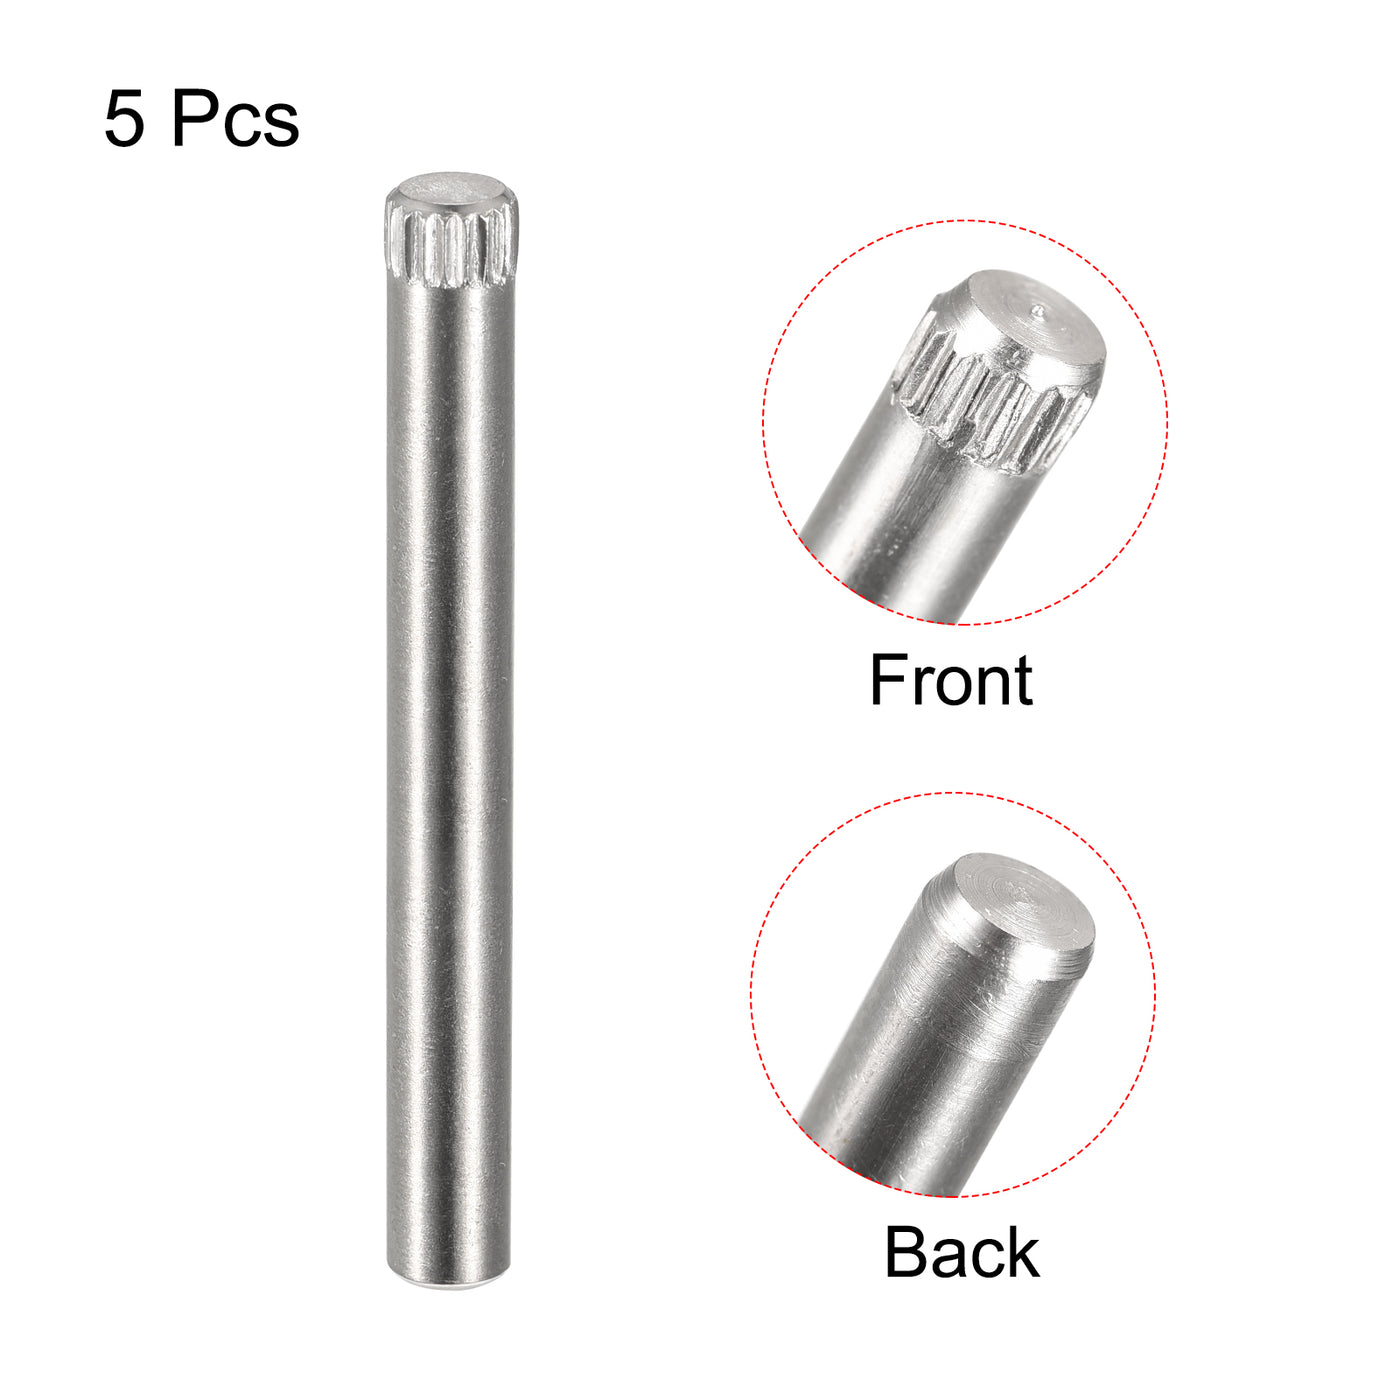 uxcell Uxcell 5x45mm 304 Stainless Steel Dowel Pins, 5Pcs Knurled Head Flat End Dowel Pin
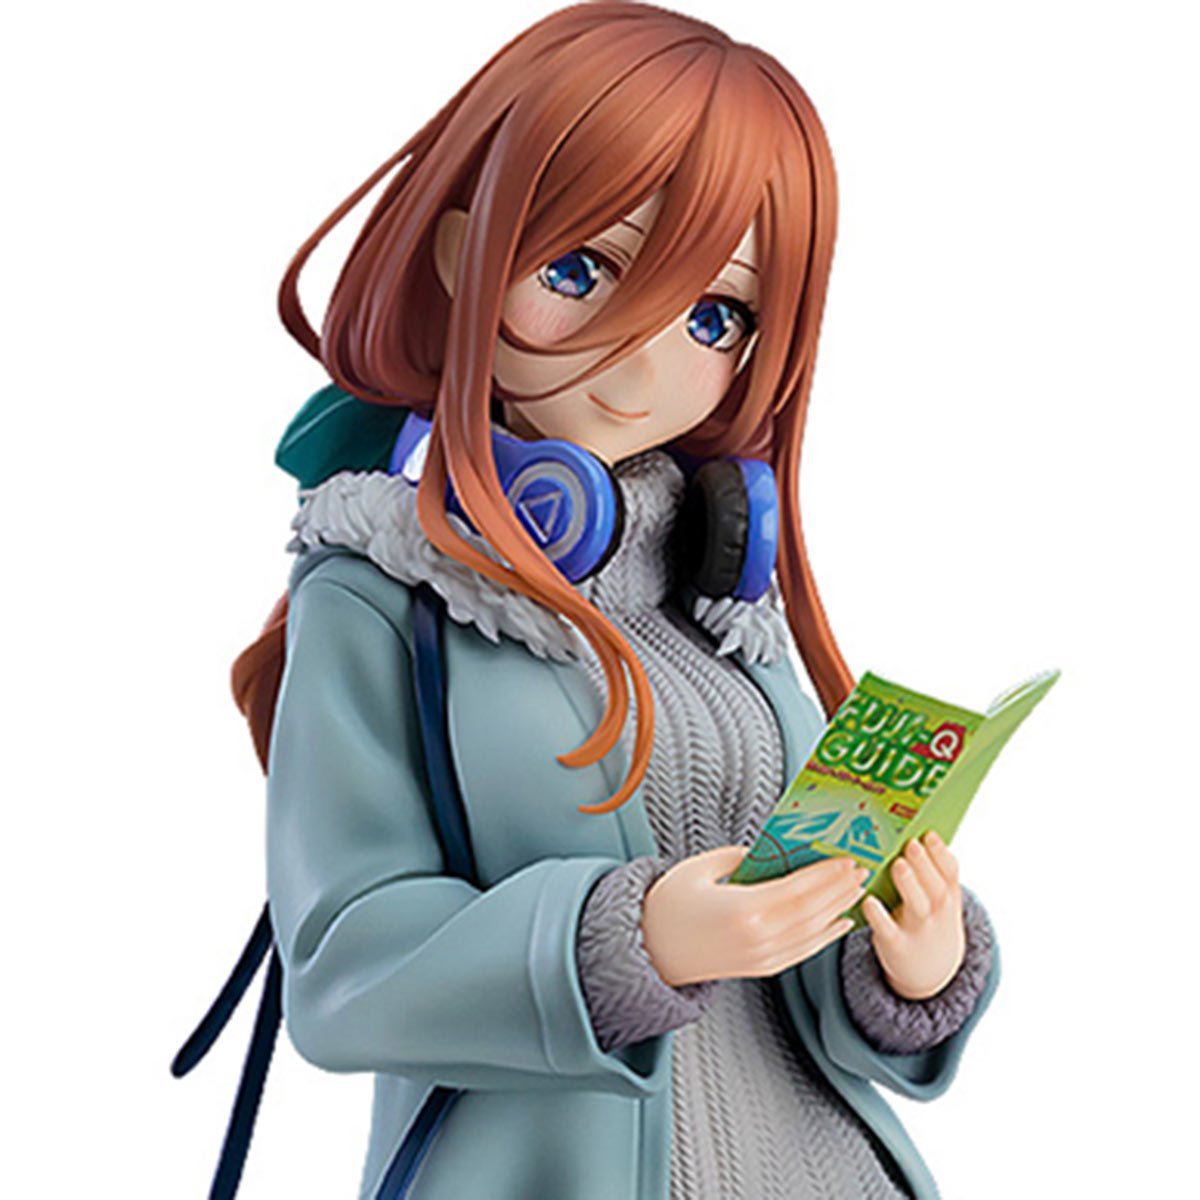 Find about Quintessential Quintuplets' the main plot and characters with  their birthday, age and height - Anime Superior
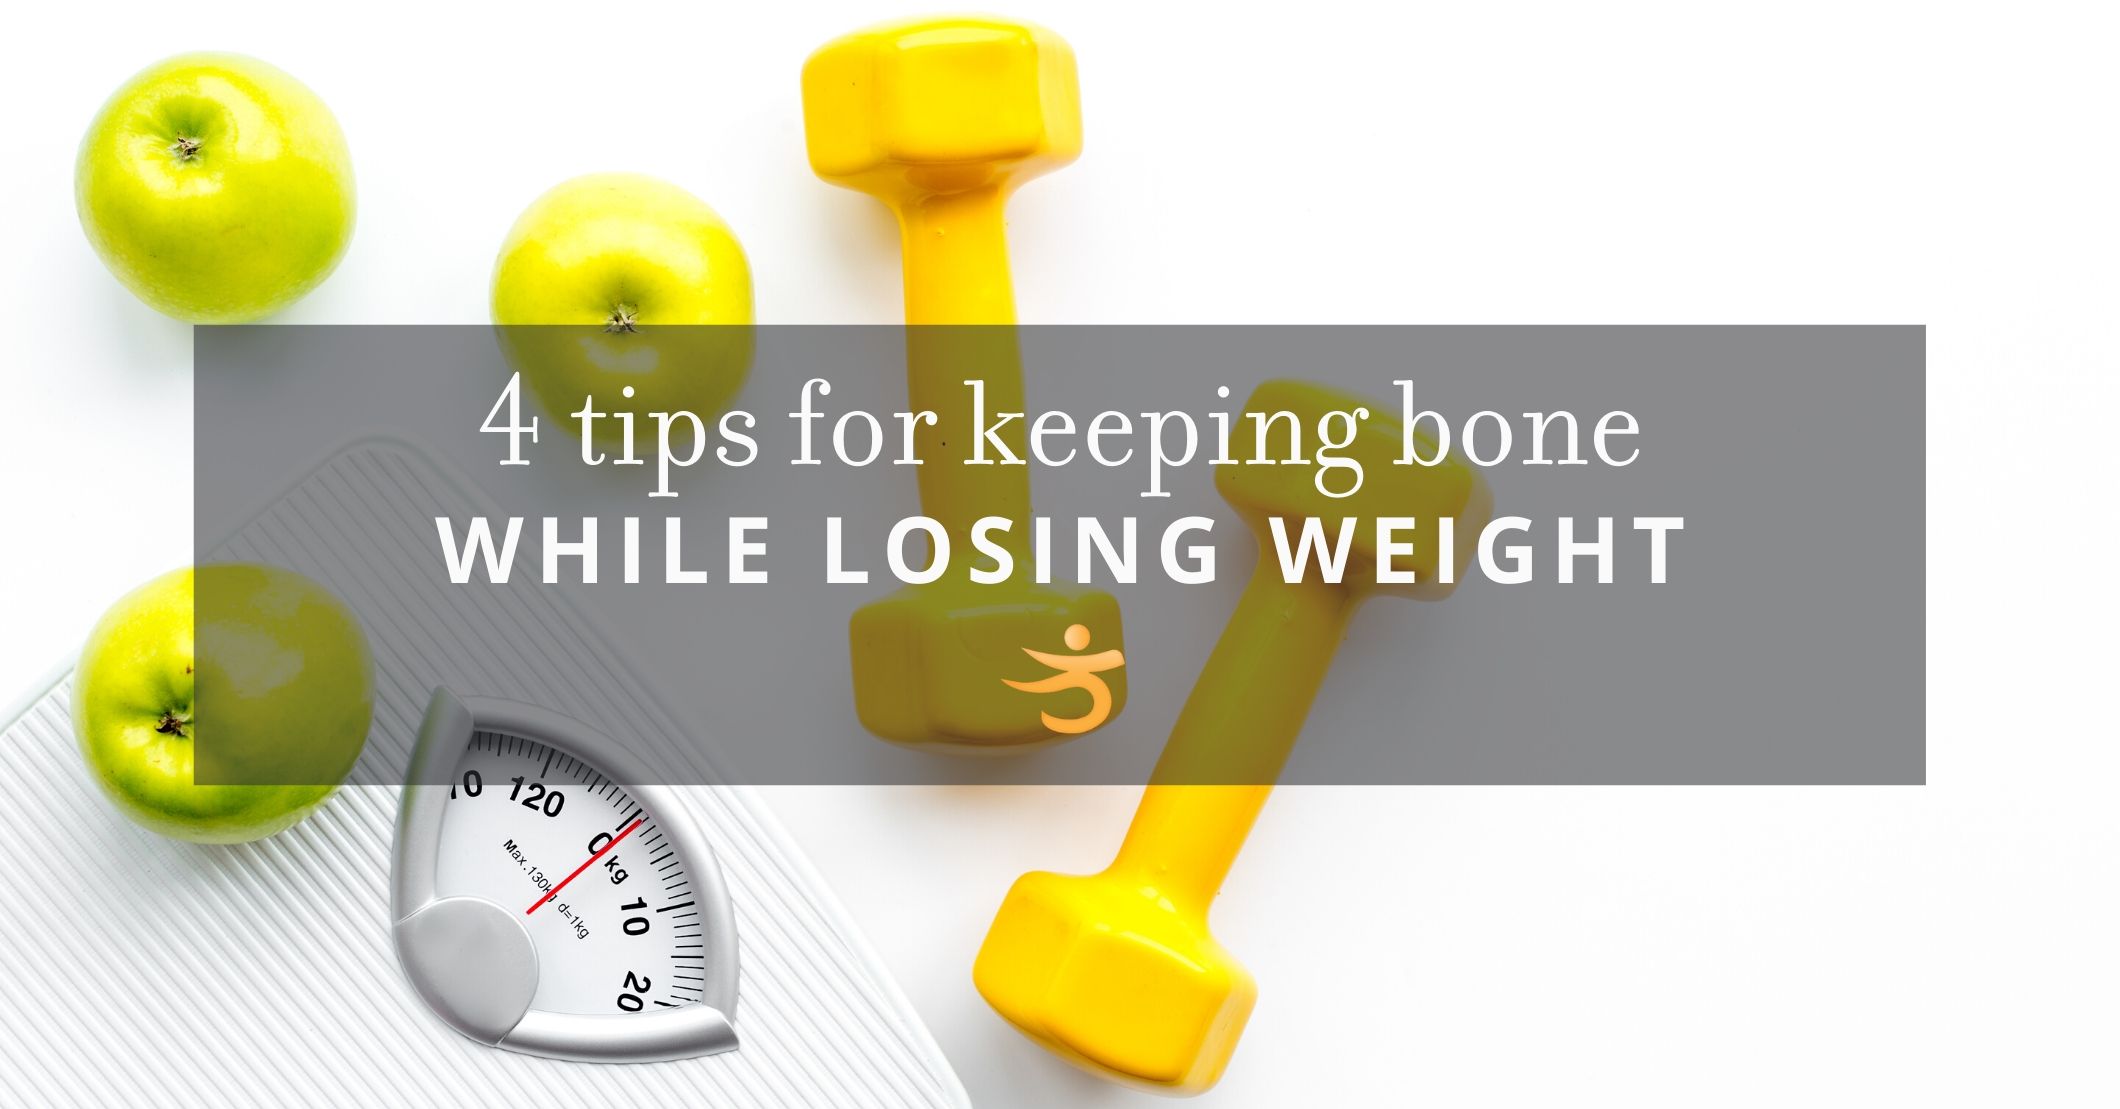 Tips For Keeping Bone While Losing Weight— Better Bones
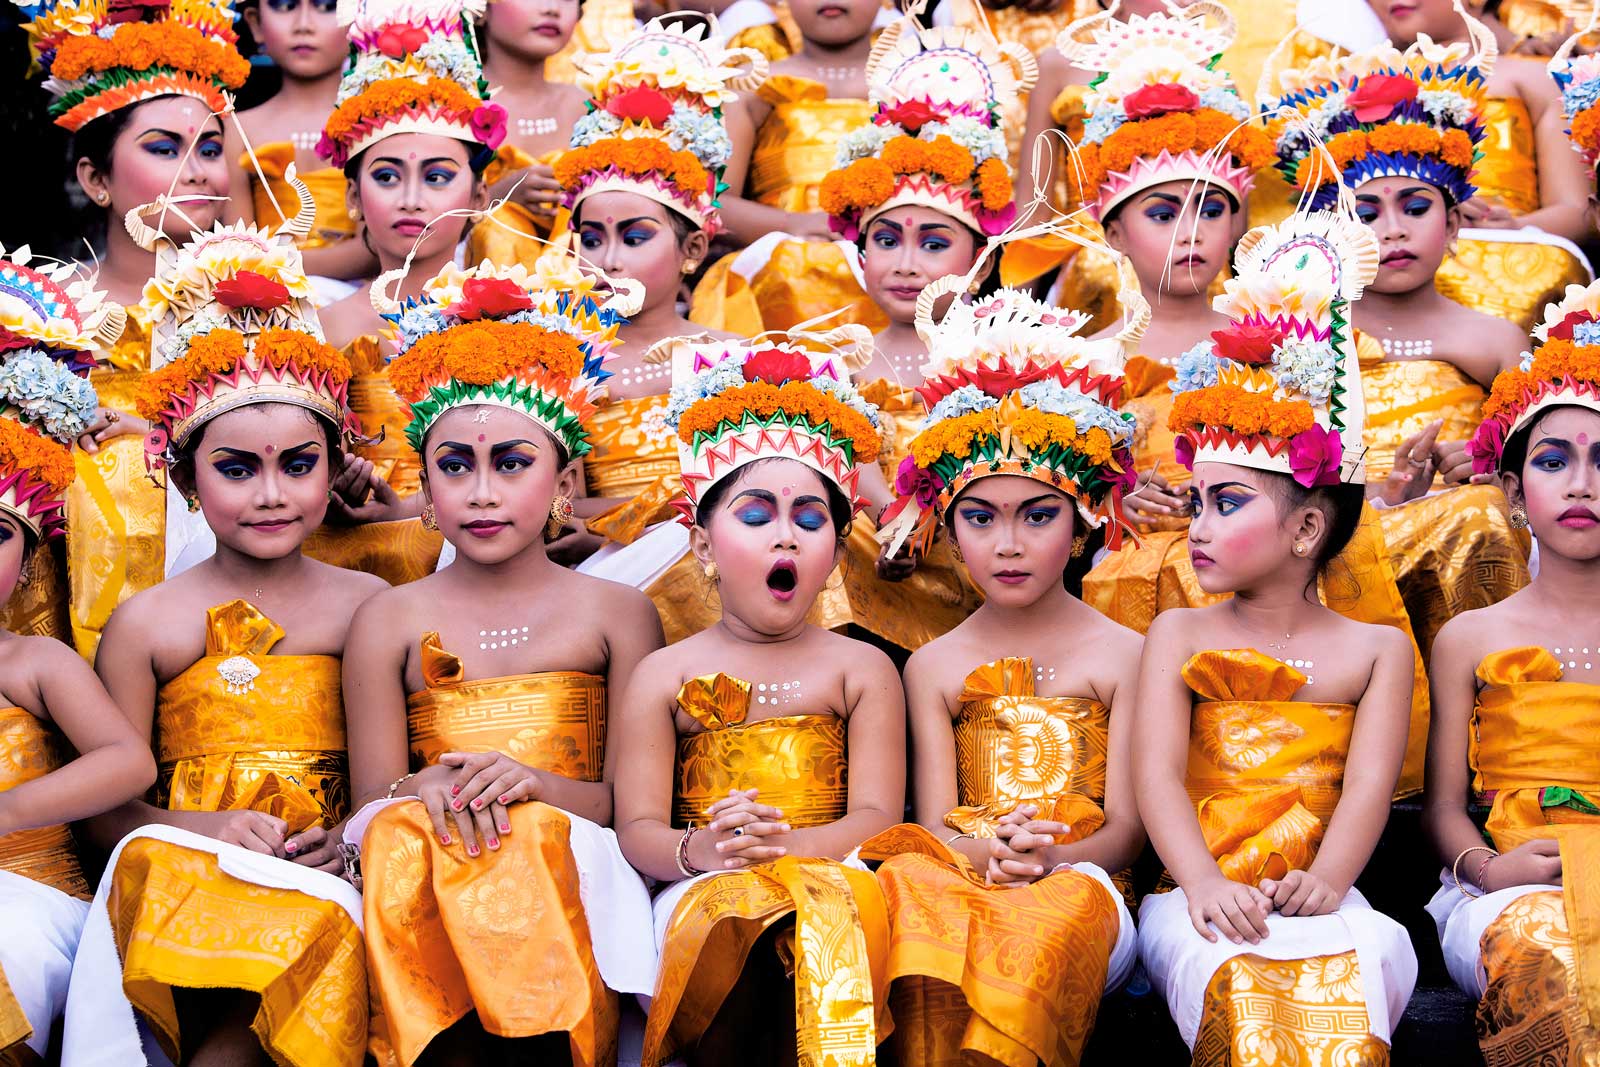 Young girls wait for their turn to perform at the Melasti Festival in Bali, which is conducted once a year in conjunction with Nyepi or Silent Day.
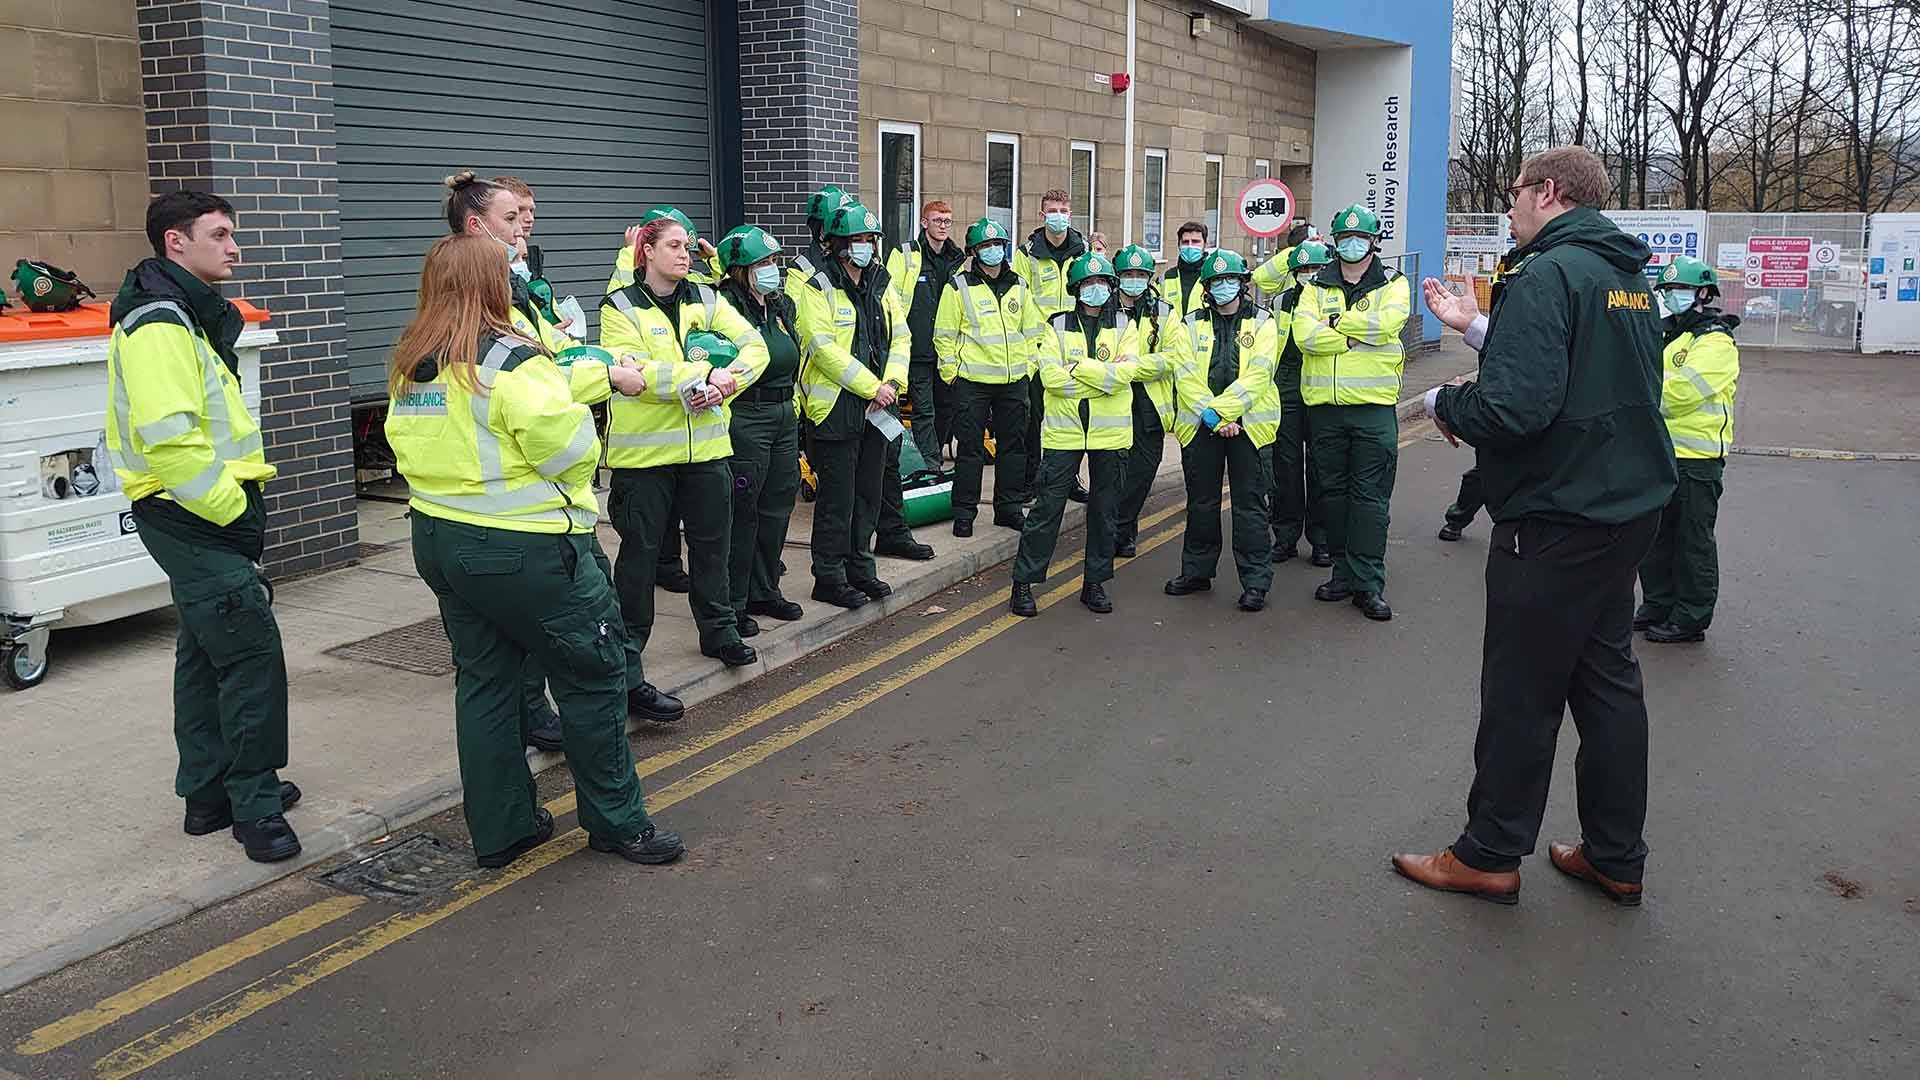 A group of student paramedics outside the Institute of Railway Research

_ _ _ _ _ _ _

## INSTRUCTIONS FOR THE TASK
The reply should hold only the lines running from the top of the records to the line containing "Tips For Keeping", both included, copied exactly with no pictures.

## OUTPUT FOR THIS EXERCISE
 uxcell Uxcell 5x45mm 304 Stainless Steel Dowel Pins, 5Pcs Knurled Head Flat End Dowel Pin
 Find about Quintessential Quintuplets' the main plot and characters with  their birthday, age and height - Anime Superior
 Tips For Keeping Bone While Losing Weight— Better Bones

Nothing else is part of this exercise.